U.S. screens more staff in China over mystery health issues

U.S. screens more staff in China over mystery health issues

U.S. screens more staff in China over mystery health issues

The United States has evacuated some Americans from its consulate in Guangzhou, China, after a U.S. employee was confirmed to be suffering symptoms consistent with the mysterious illness that led to the removal of more than half of the U.S. Embassy staff in Cuba, the State Department said Wednesday.

A previous statement in May only mentioned the southern Chinese city of Guangzhou as the location for the health alert, though it was sent to USA citizens throughout the country.

"Beijing has already conducted an investigation and dismissed concerns, with Foreign Ministry spokesperson Lu Kang saying last month, "[So] far, we have found no reason or clue for what was reported by the United States".

The Chinese foreign ministry said on Thursday that its investigation into the first case has not yielded any clues as to the cause of the incident.

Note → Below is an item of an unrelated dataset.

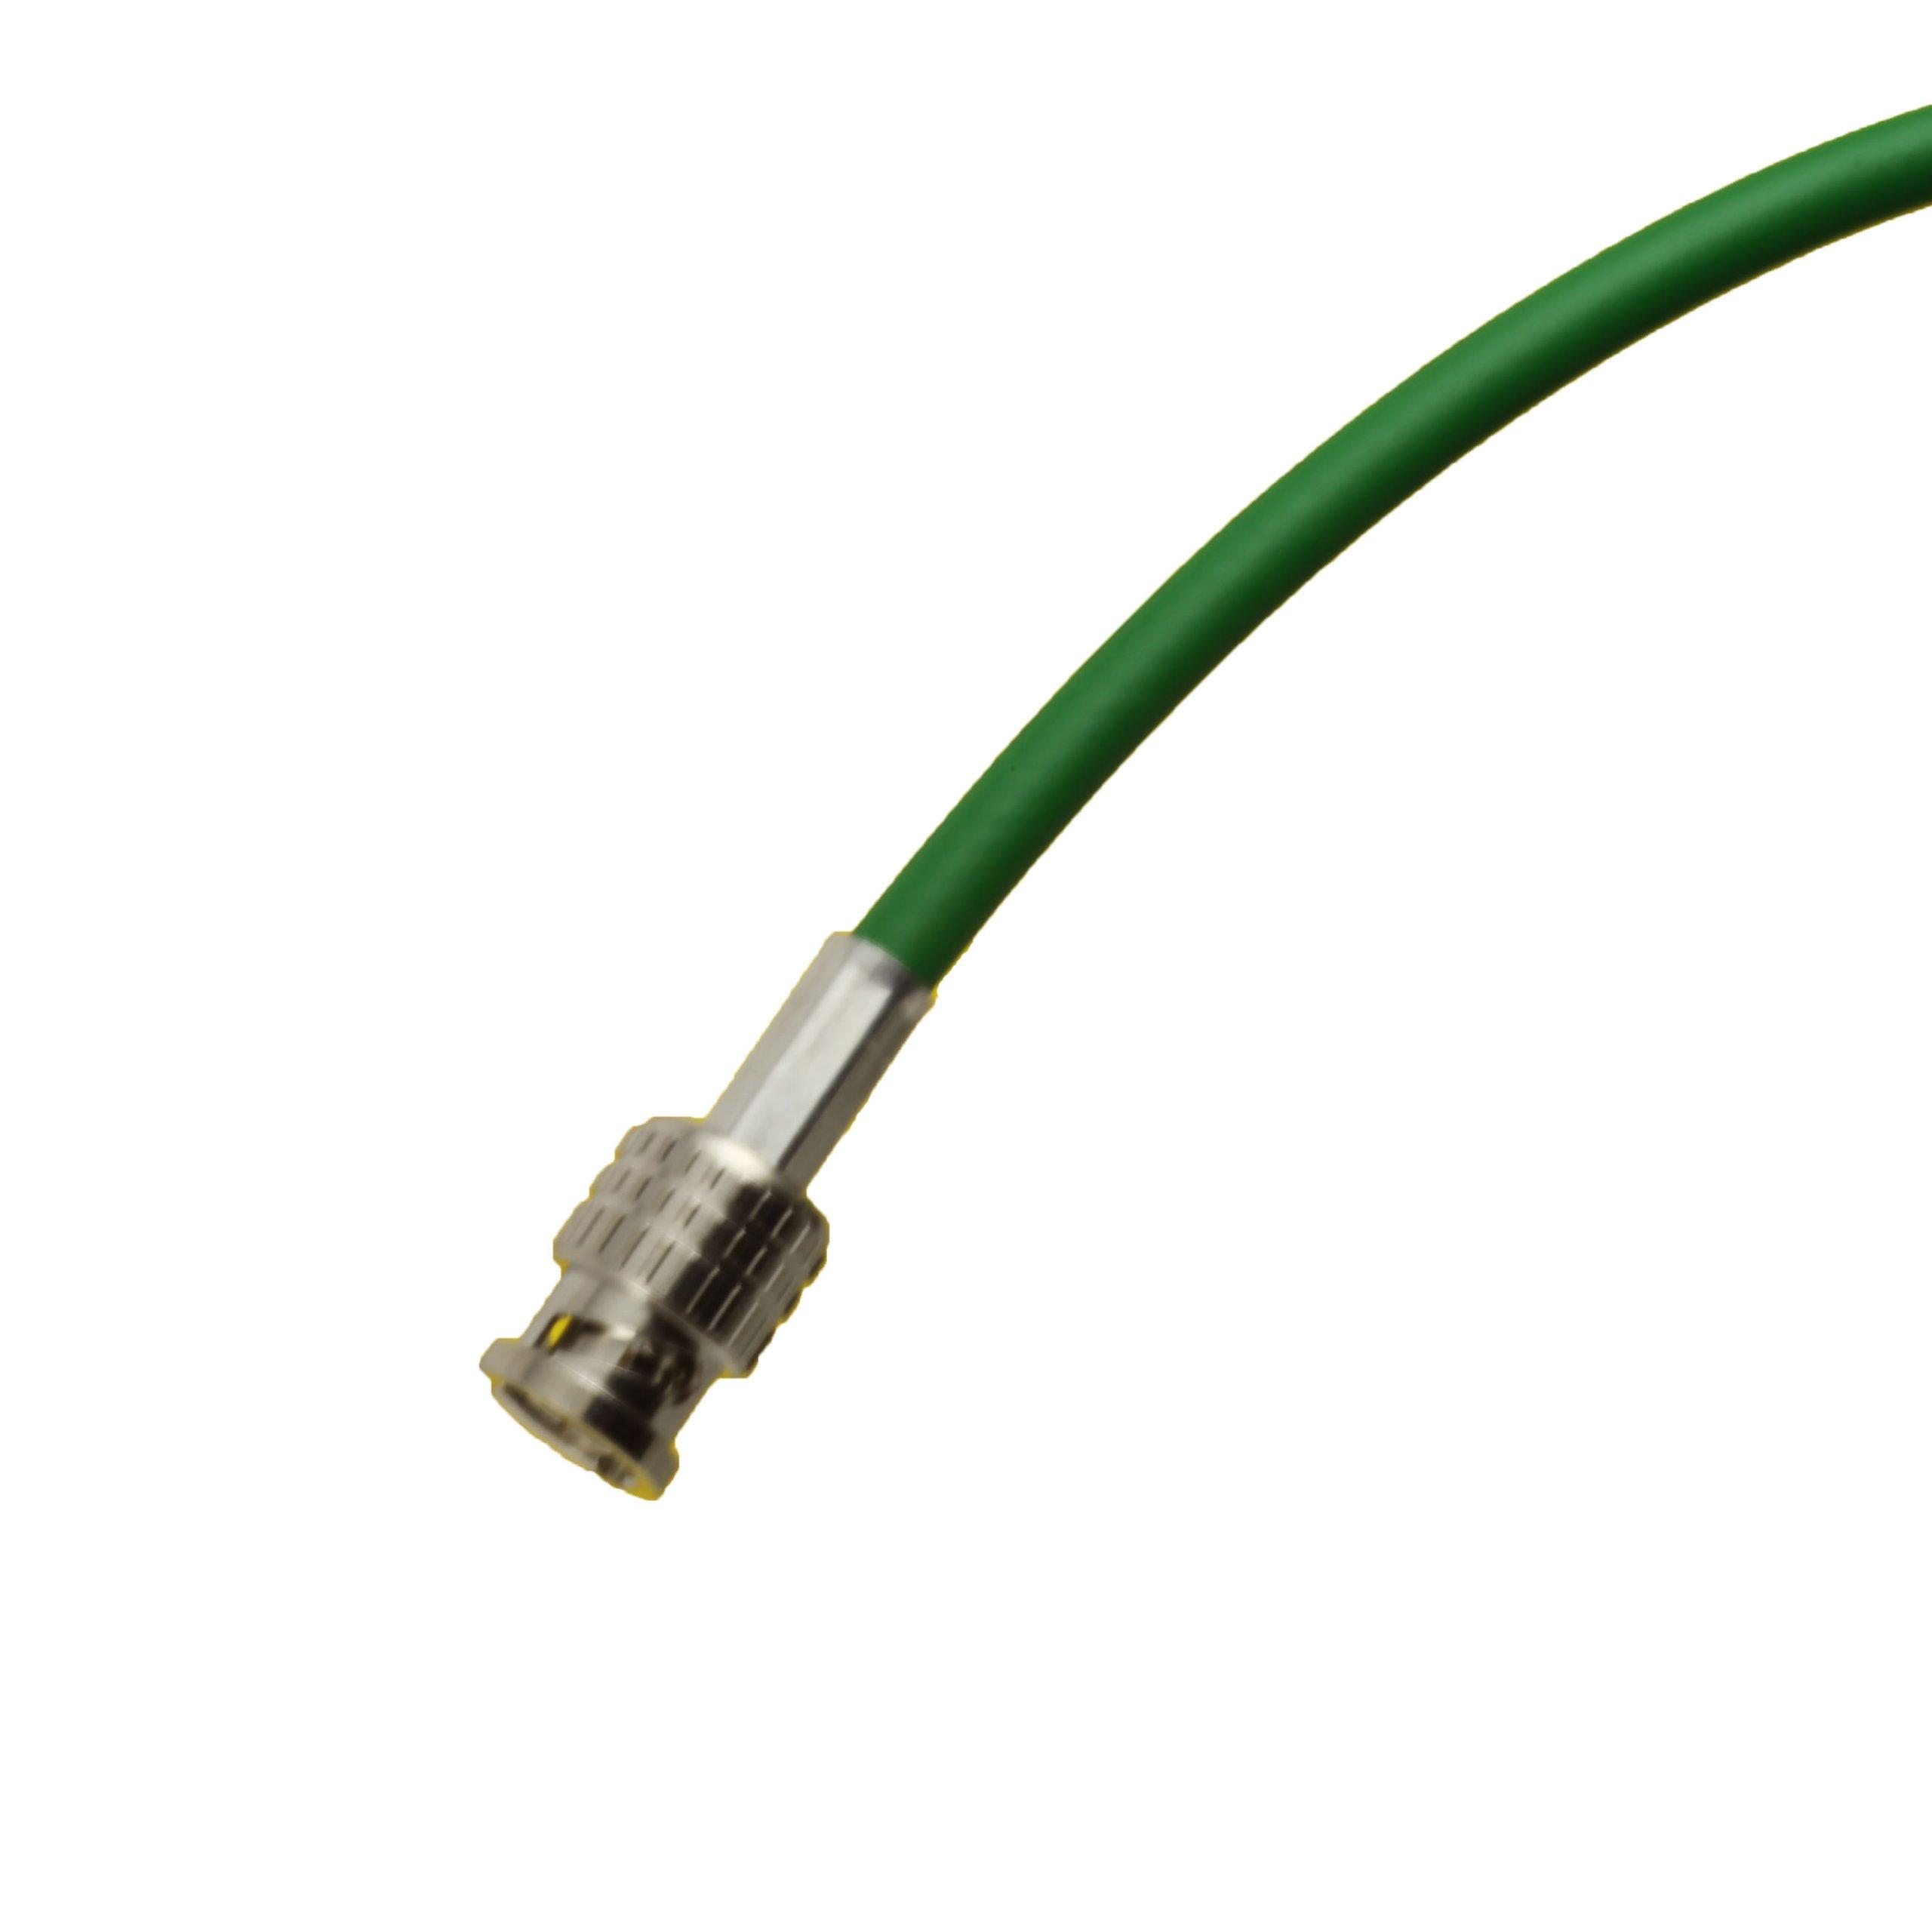 15 foot Green BJC High-flex 3G/6G HD SDI patch cable (Belden 1505F), BNC to BNC

She said they are being offered to "any personnel who have noted concerning symptoms or wanted baseline screening". In all, 24 of them were stricken with headaches, nausea, hearing loss, cognitive issues and other symptoms after saying they heard odd sounds.

Other veteran foreign policy experts have said Cuba is a playground for so many rogue actors from across the globe, including Russia, China, Iran, and Venezuela, that any one of those countries or agents working on their behalf could be responsible.

Cuba has denied targeting embassy staff, and the United States has not blamed the country's government for the suspected attacks.

Symptoms, sounds and sensations reportedly varied dramatically from person to person.

So far this week, another employee, his wife and their two children were evacuated after the parents exhibited neurological symptoms. Following the incident, the US State Department issued a health alert.

On Wednesday, the State Department said it was evacuating several more Americans from Guangzhou for further health screenings.

The U.S. first pulled out all nonessential staff in Cuba in September, followed shortly after by the expulsion of 15 Cuban diplomats from their U.S. post.

Last month, Secretary of State Mike Pompeo told Congress the case in Guangzhou was medically very similar to the ones seen in Cuba previous year, when a large part of the embassy staff was withdrawn after complaining of symptoms that included hearing loss, dizziness, tinnitus, visual difficulties, headaches and fatigue.

It serves four southern provinces with a combined population of more than 204 million and processes more than 1 million visa applications of all types annually.

It's also the only USA diplomatic installation in China authorized to process immigrant visas and handle adoptions.

Aled Williams, a British teacher at a kindergarten said Thursday that the reports sounded "sci-fi-ish".

Linda Chen, who runs a coffee shop in the area, said she was mystified as to why only certain people seemed to have been affected in an area known for its comfort and safety.